| INFORMATION PROVIDED |

===============

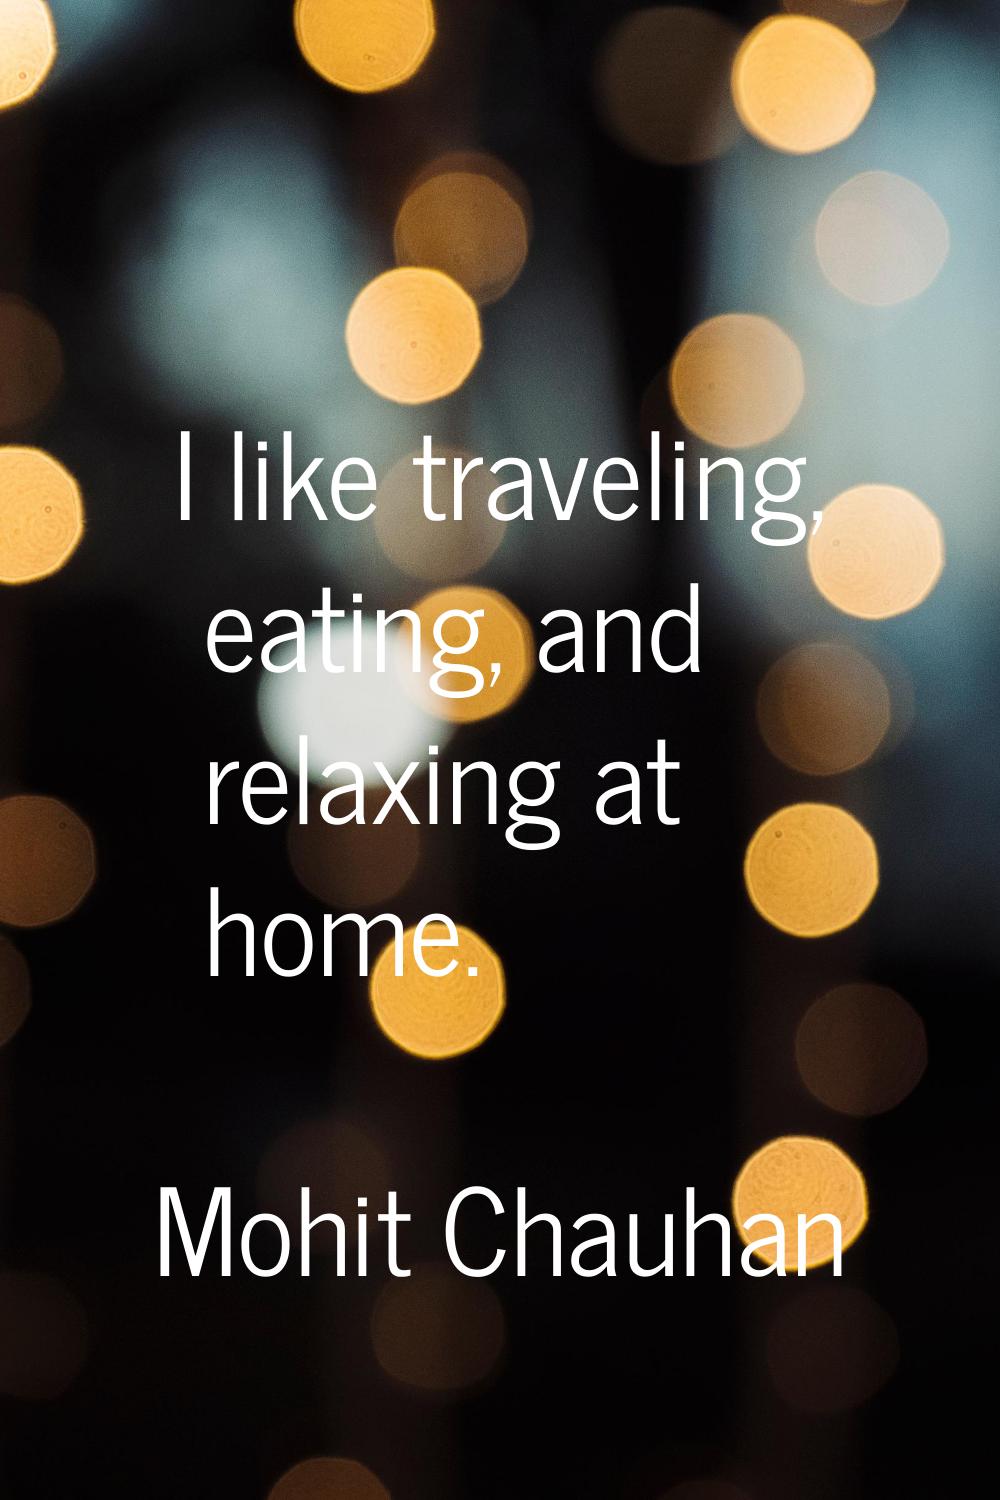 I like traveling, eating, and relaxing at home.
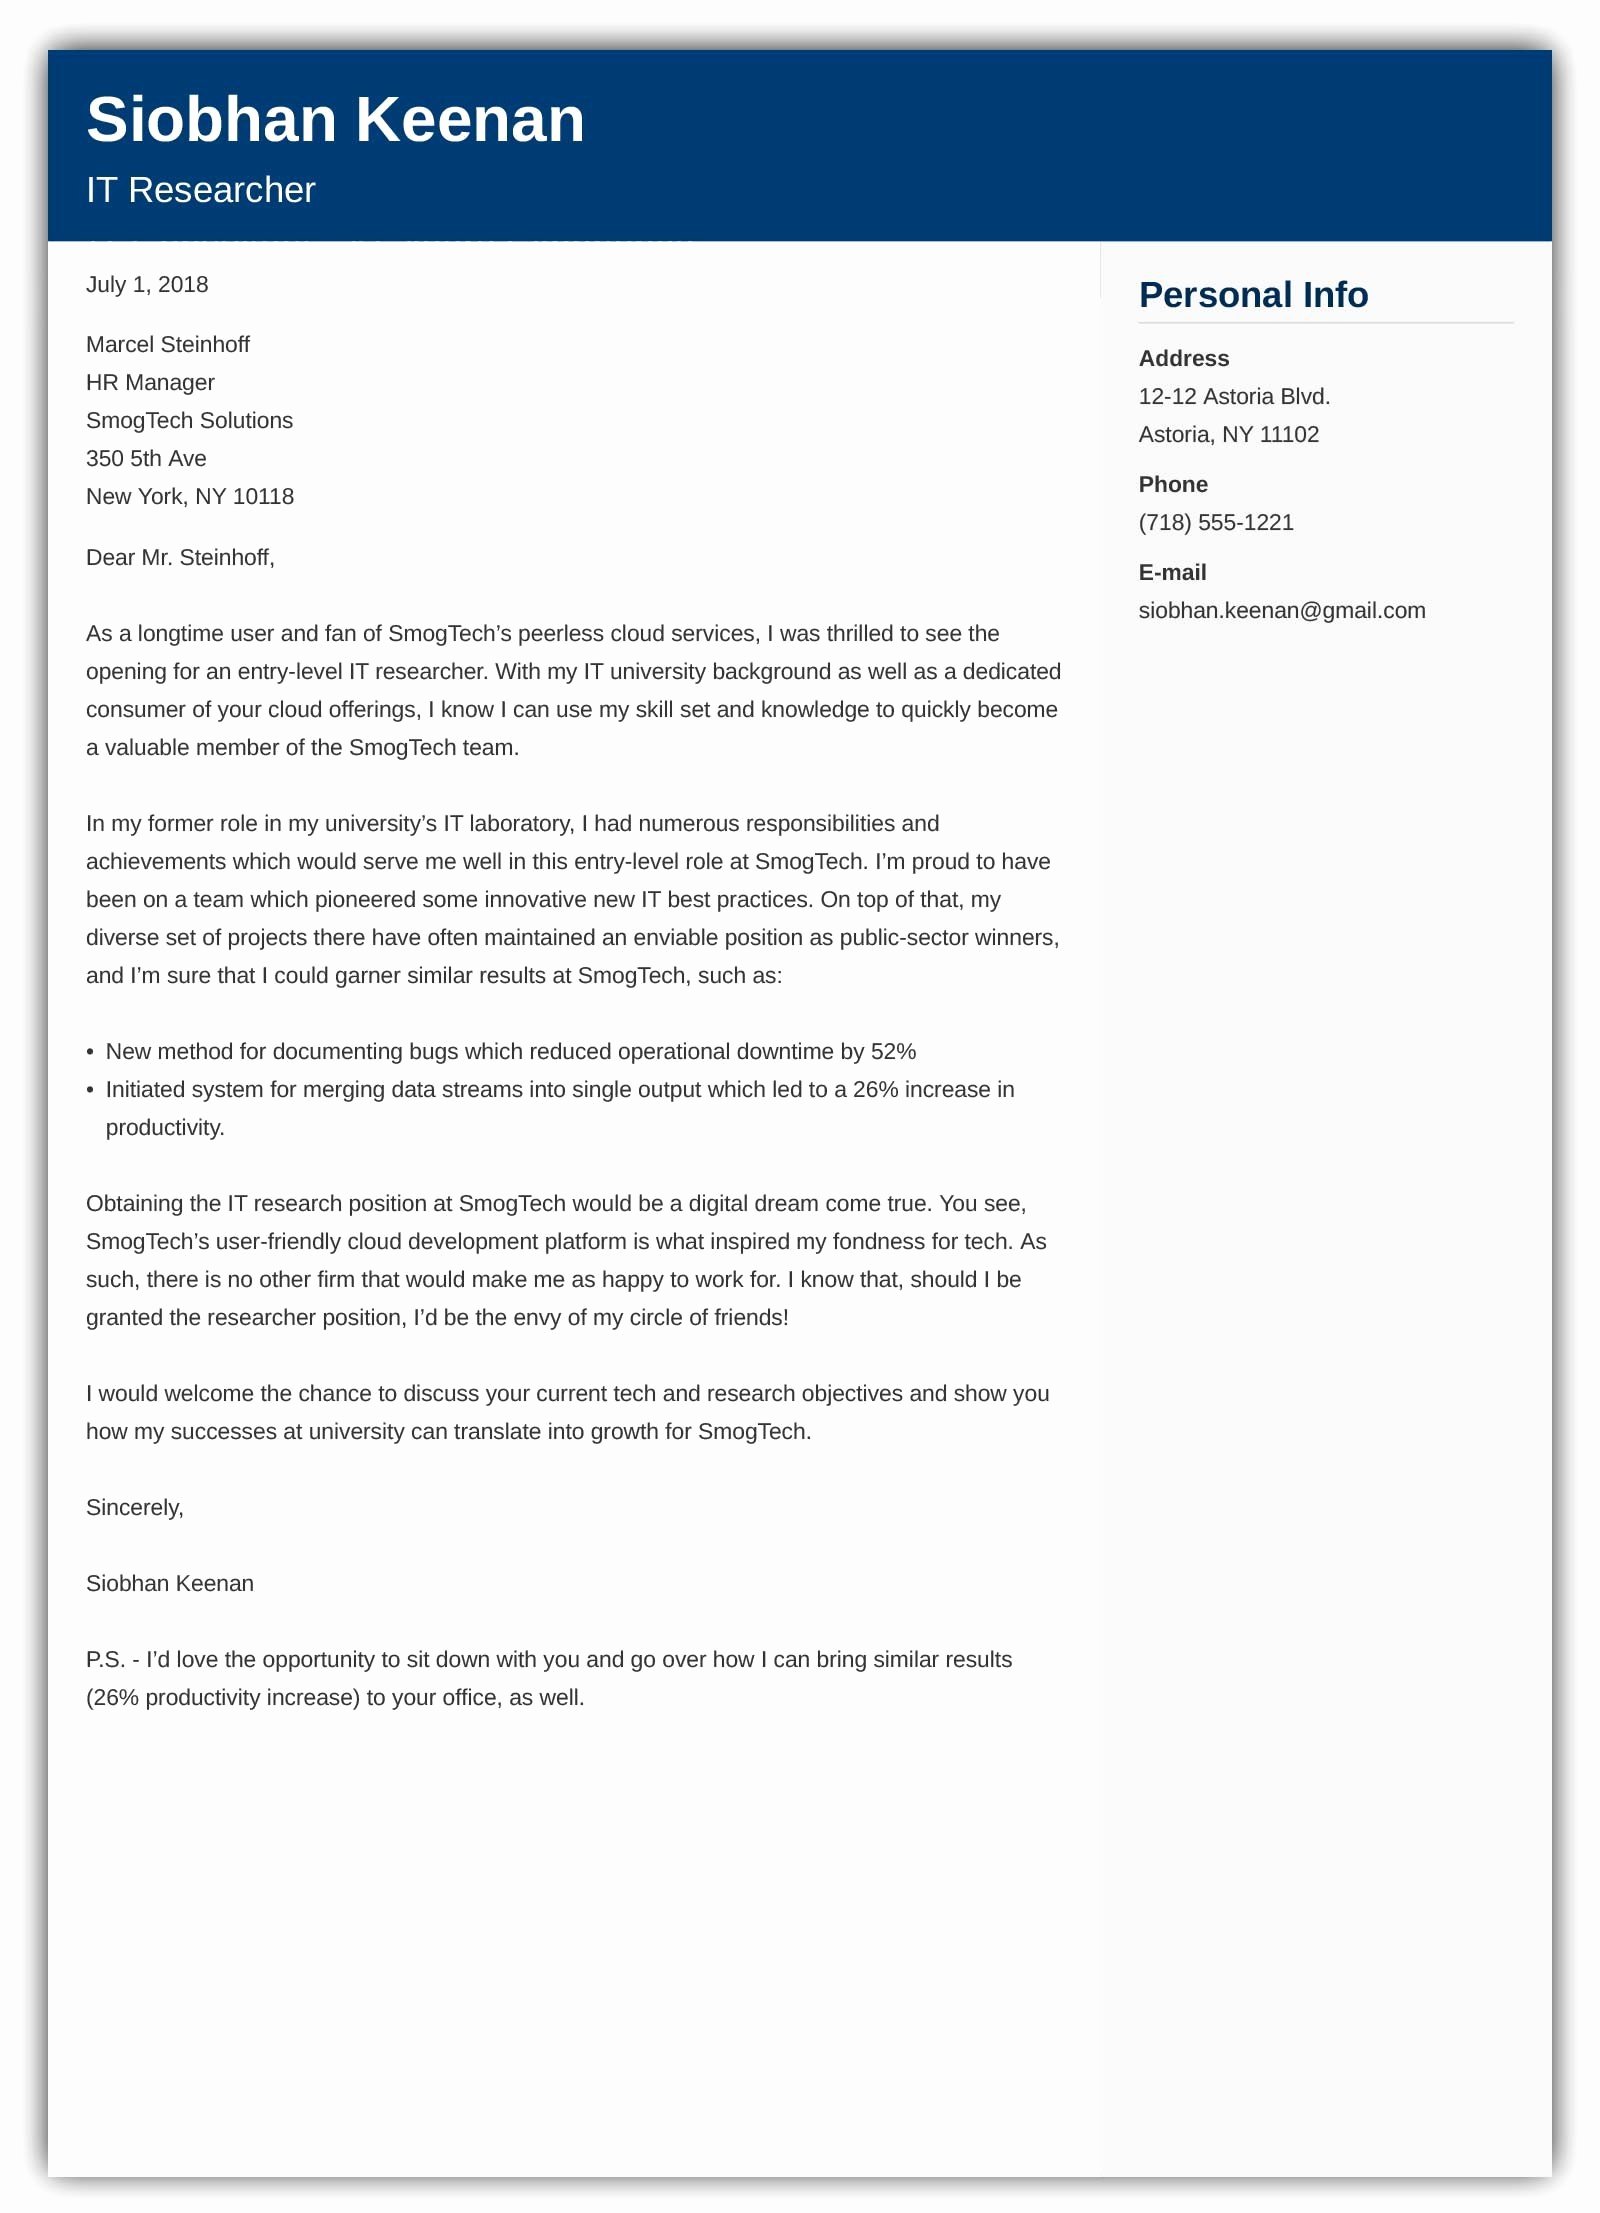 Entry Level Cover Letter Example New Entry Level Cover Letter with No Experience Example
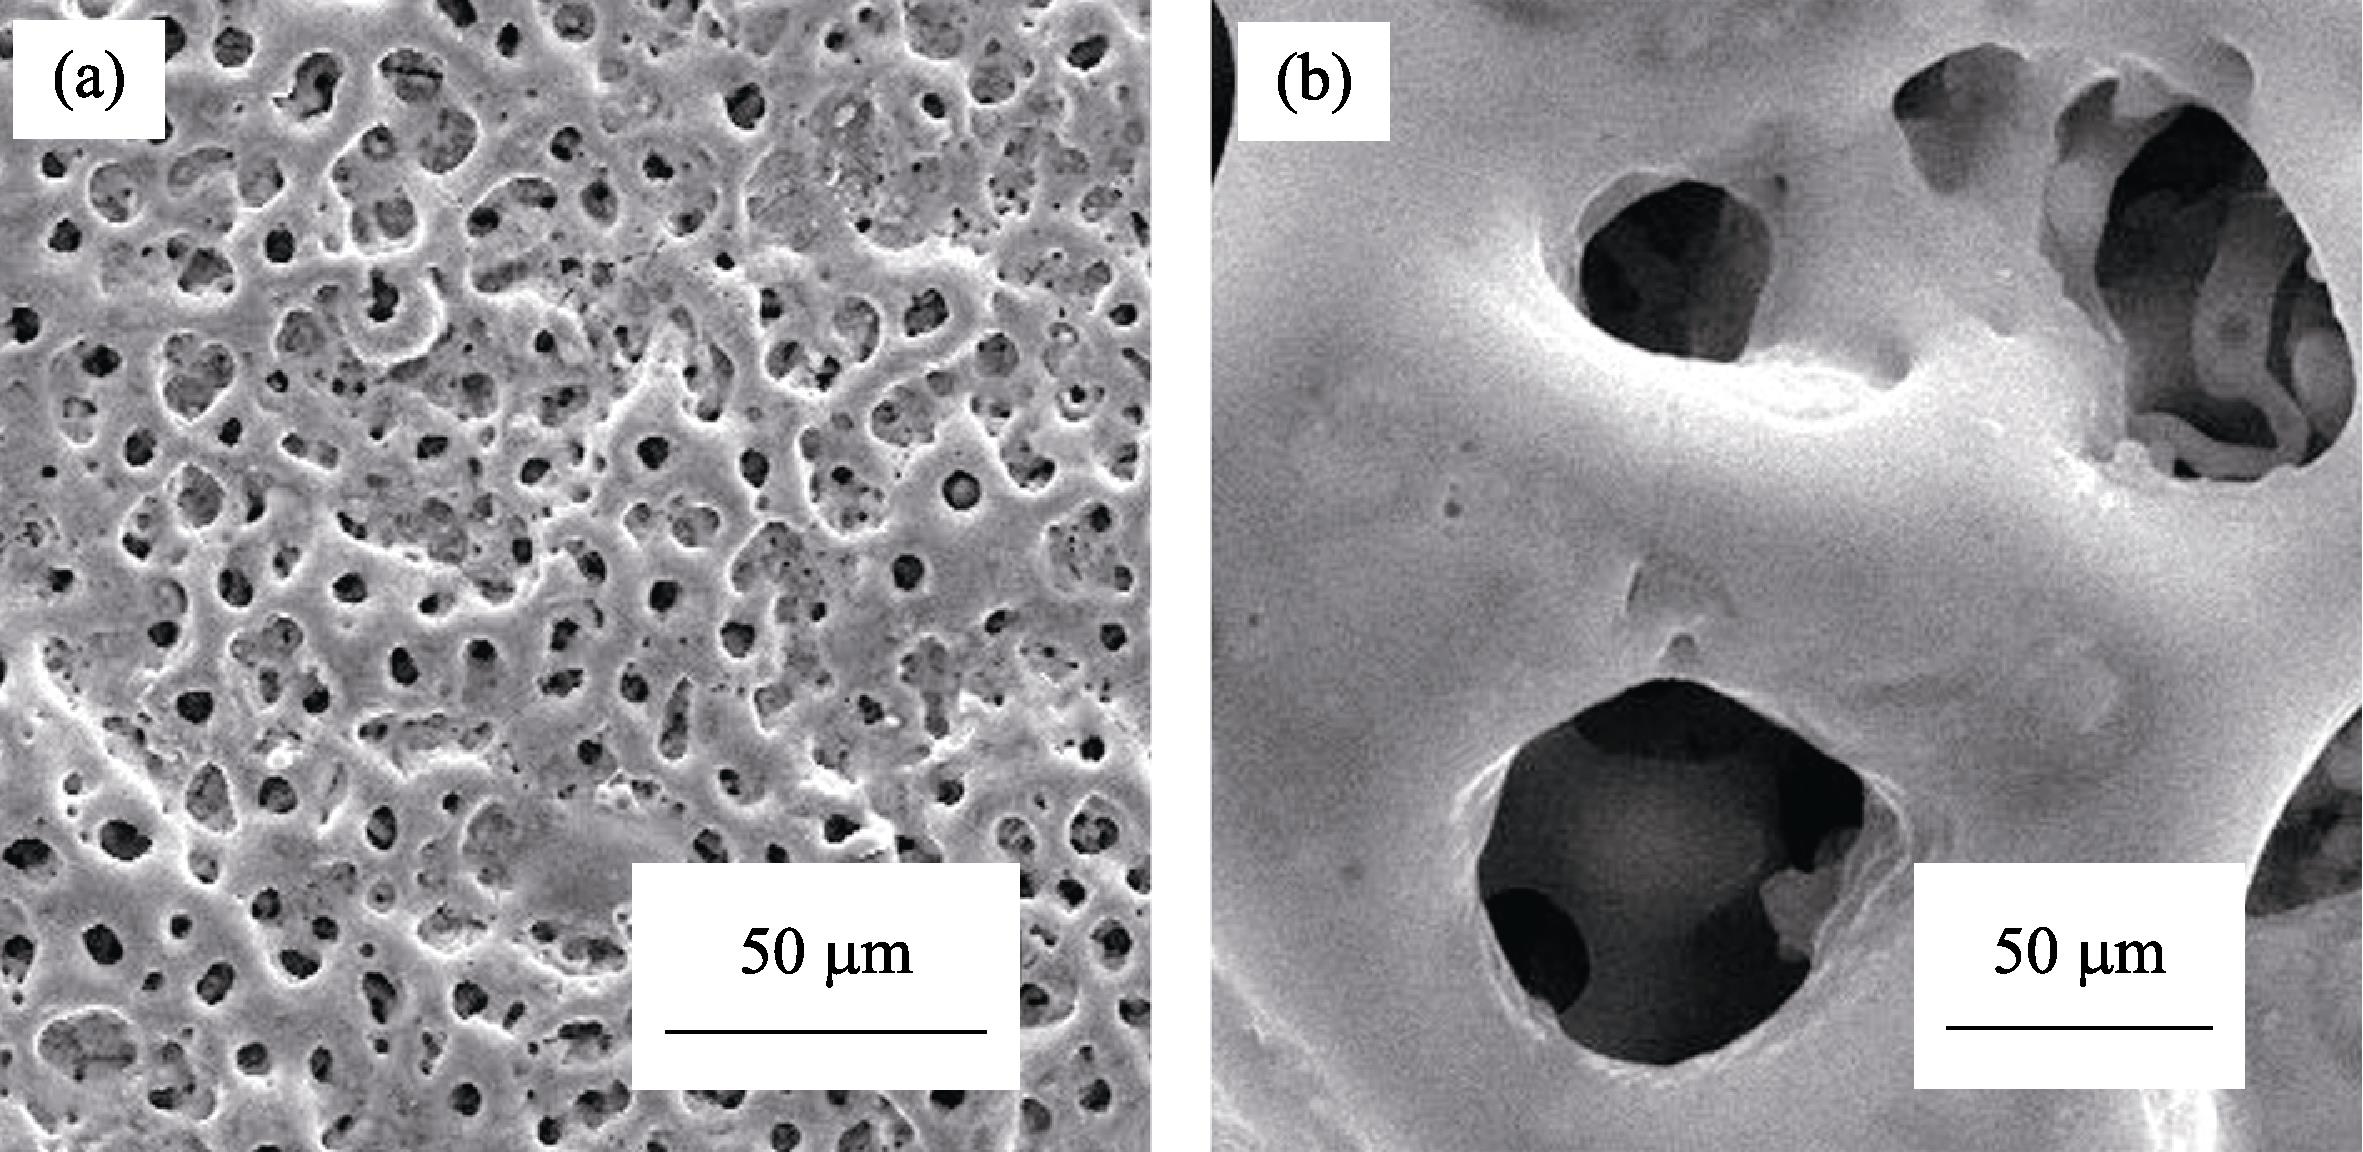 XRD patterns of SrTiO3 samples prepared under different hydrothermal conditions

===============

| WORK ORDER |
Write out the listing word for word, omitting the pictures it holds.

| ANSWER SECTION |
 I like traveling, eating, and relaxing at home.
 Entry Level Cover Letter Example New Entry Level Cover Letter with No Experience Example
 XRD patterns of SrTiO3 samples prepared under different hydrothermal conditions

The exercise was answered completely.